趙幼苓仰頭看他,一雙眼睛毫無神色,嘴唇翕動。
呼延騅撥出一口氣,一計手刀劈在她的肩頸上。
人暈過去的時候,阿泰爾得了訊息,領著人急匆匆趕了回來。
“阿兄,人沒事吧……”
阿泰爾話猛地斷在嘴裡,看到被呼延騅抱在懷裡的瘦小身體,再看地上已經涼了的一人一獸,兩具屍體,他張了張嘴,再說不出話來。
趙幼苓醒來的時候,人已經躺在了氈包裡。
吵醒她的是劉拂,見她醒過來,趕緊從外面端了一碗粥。說什麼都要一勺一勺地喂給她。
一邊喂,他一邊嘰裡呱啦地說話。
“你被阿泰爾殿下帶走的時候,被人瞧見通報給了騅殿下。”
“殿下單槍匹馬就追著去了,後頭的人慢了一步才跟上。不過還好你沒事,不然殿下這會兒估計要把阿泰爾殿下狠狠抽一頓了。”
“狼被帶回來了。剝了皮,肉已經分了下去。”
趙幼苓吃著粥,聽著劉拂的絮絮叨叨,一聲不吭。
劉拂說著說著,見她始終沒什麼反應,自己便也說不下去了。
趙幼苓剛被帶回來的時候,滿身是血。部族裡的人被那些血嚇了一跳,還是騅殿下親手幫他換的衣裳。好在大夫說身上只有一些擦傷跟淤青,沒傷到別的地方,不然阿泰爾殿下可能懊悔地就要連水都喝不下了。
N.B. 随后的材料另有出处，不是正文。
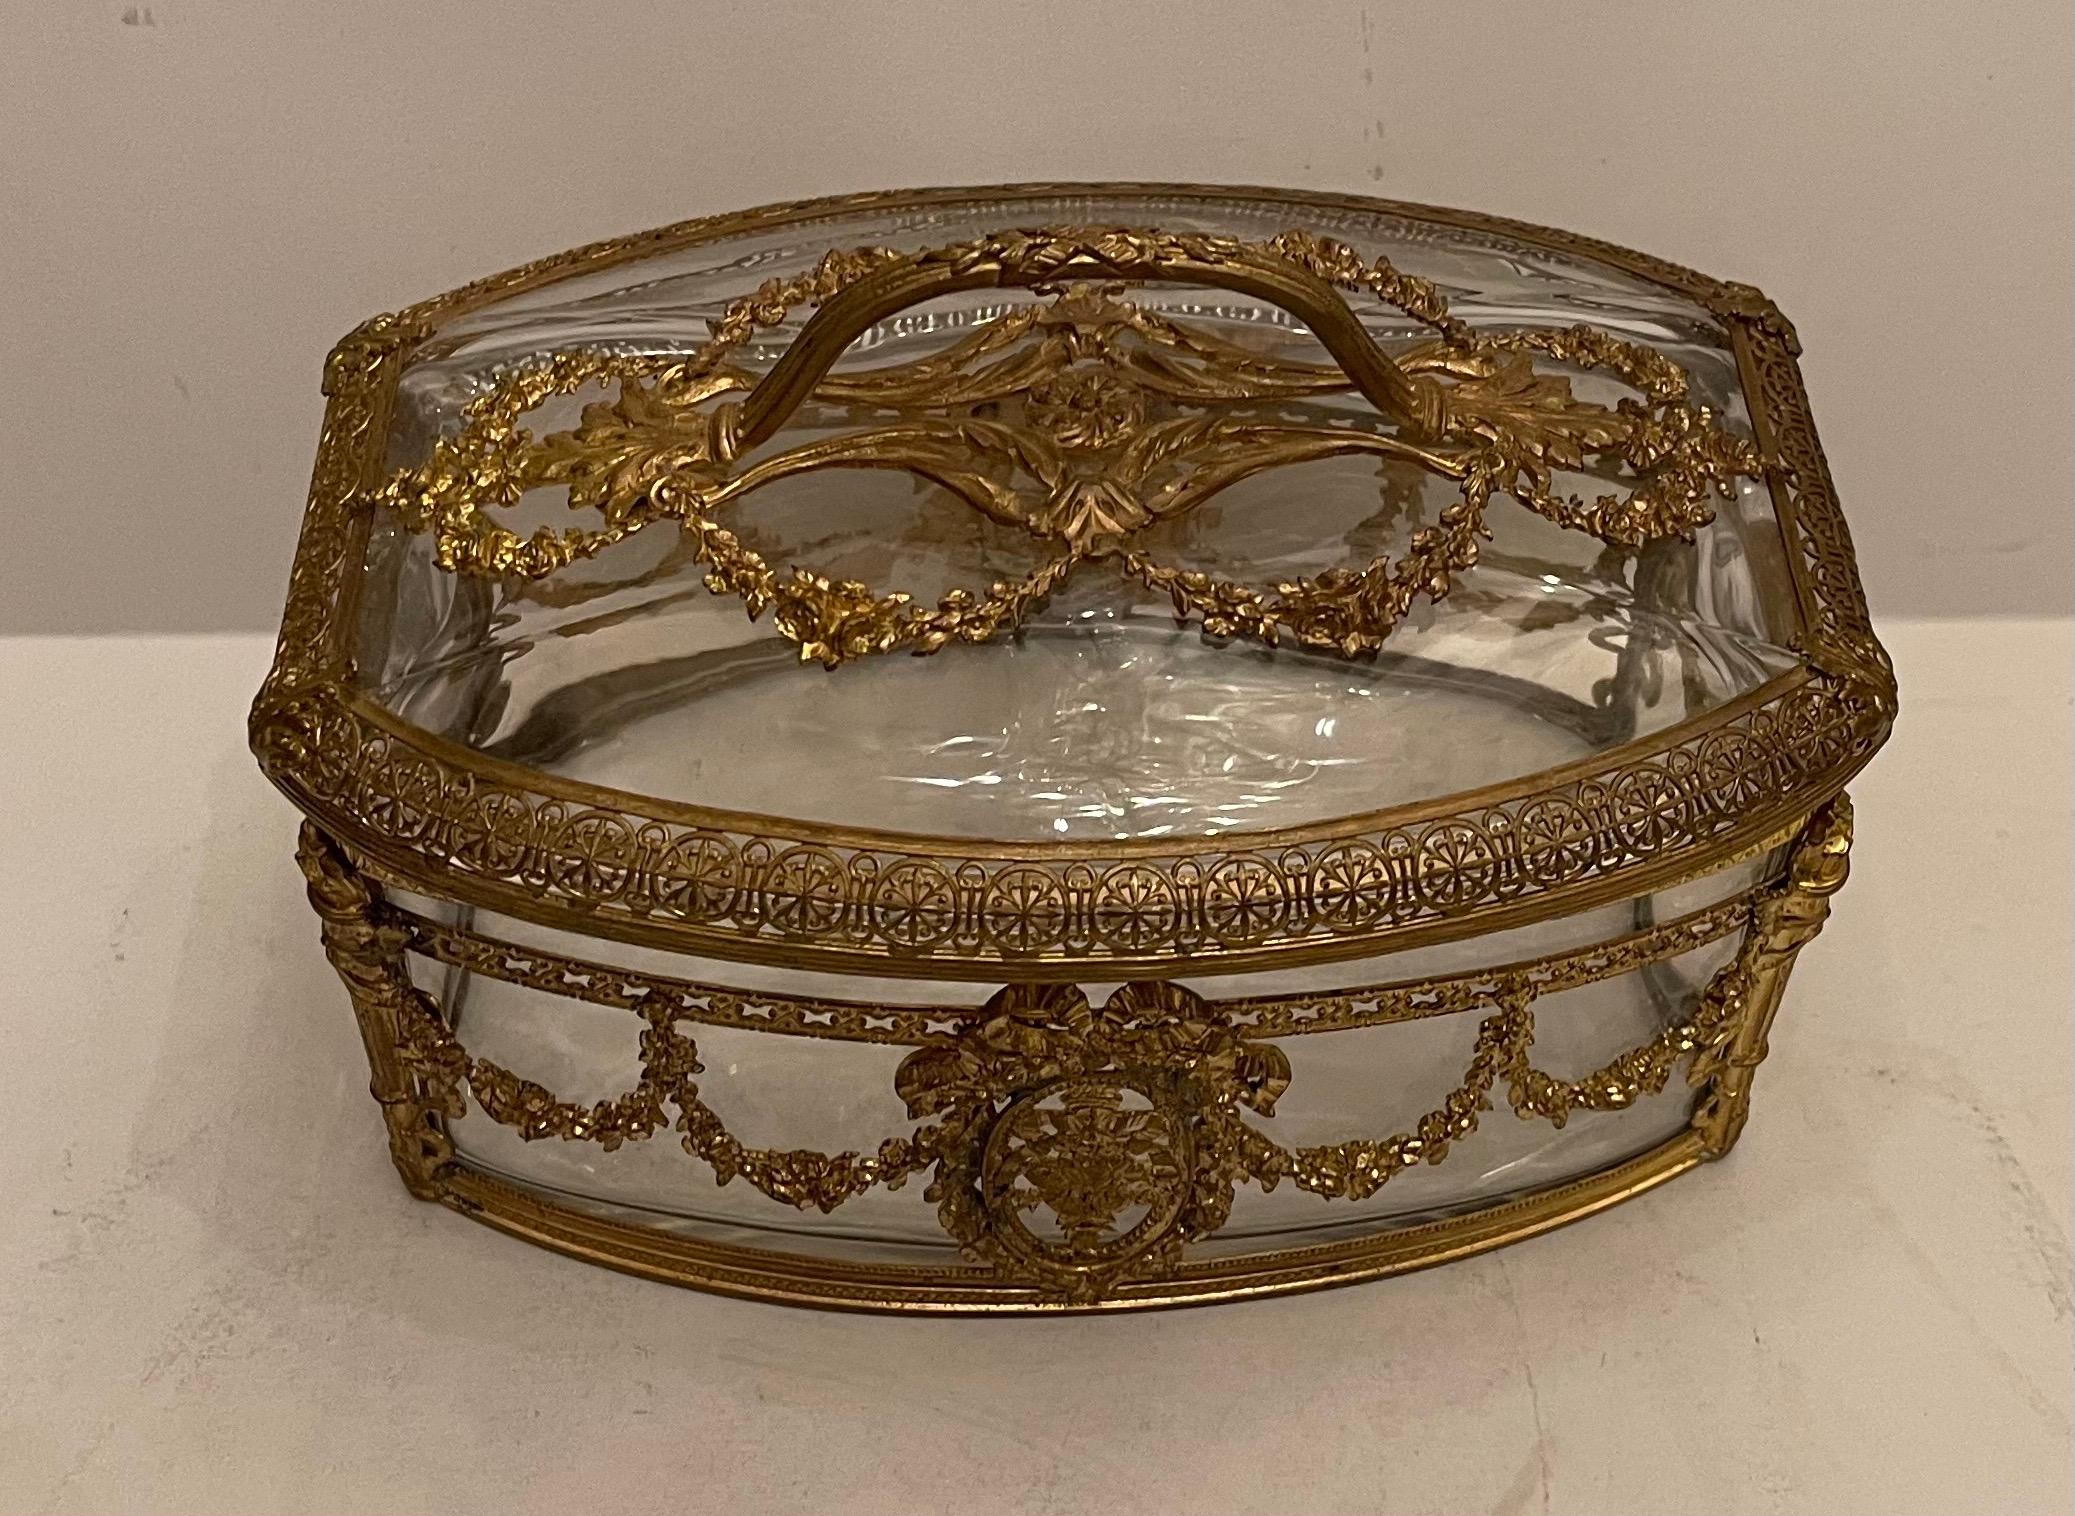 Wonderful large French Napoleon III style ormolu bronze mounted & crystal / glass casket jewelry box with open work handle.

“那個……要不要再吃點?”劉拂拿著空碗,問的話沒回應,他想了想,站起身就要去外頭再盛一碗。
他這一進一出,已經有人傳了訊息給兩位殿下。阿泰爾跟著呼延騅一前一後進了氈包。
見趙幼苓坐在睡榻上,清醒地看著自己,阿泰爾摸了摸鼻子:“醒了啊?”
趙幼苓沒動。
阿泰爾偷摸看了呼延騅一眼:“那個……你沒事吧。”他頓了頓,臉上扯起個笑來,“那個,狼是你殺的,所以馬……馬給你。”
趙幼苓垂下眼簾。
“這次是我不對,不過等下次……下次我再跟你把馬要回來!”
趙幼苓聽了,彎了彎嘴角:“殿下要怎麼要回去?”她想起撲面而來的腥臭,就覺得渾身發寒,可她也知道,這人到底不是故意的,怨不了他。
阿泰爾瞄了一眼呼延騅,偷摸揉了揉屁股。
“等三月……我……我跟你比試一場!賭注就是這匹馬!”
狼都死了,打也捱了,他自己闖的禍,得了教訓也應該,就是……就是有些捨不得。
不等趙幼苓答應,阿泰爾自己先應了下來。
“就這麼說定了,我先回去,等三月我再來找你比試一番高低!你好生幫我養著馬,等我回來贏它!”
他跑得快,人都到了氈包門口,還是叫呼延騅一腳踹上屁股,慘叫一聲撲了出去。
等人被扶走,呼延騅這才回身,和趙幼苓四目相對。
後者別開臉,放在被褥上的手,緊緊攥起。
“閹伶?”
呼延騅緩步上前。
一腳踩上睡榻邊沿,身體前傾,垂首看著她。
“大胤的閹伶,難不成淨是女兒身?”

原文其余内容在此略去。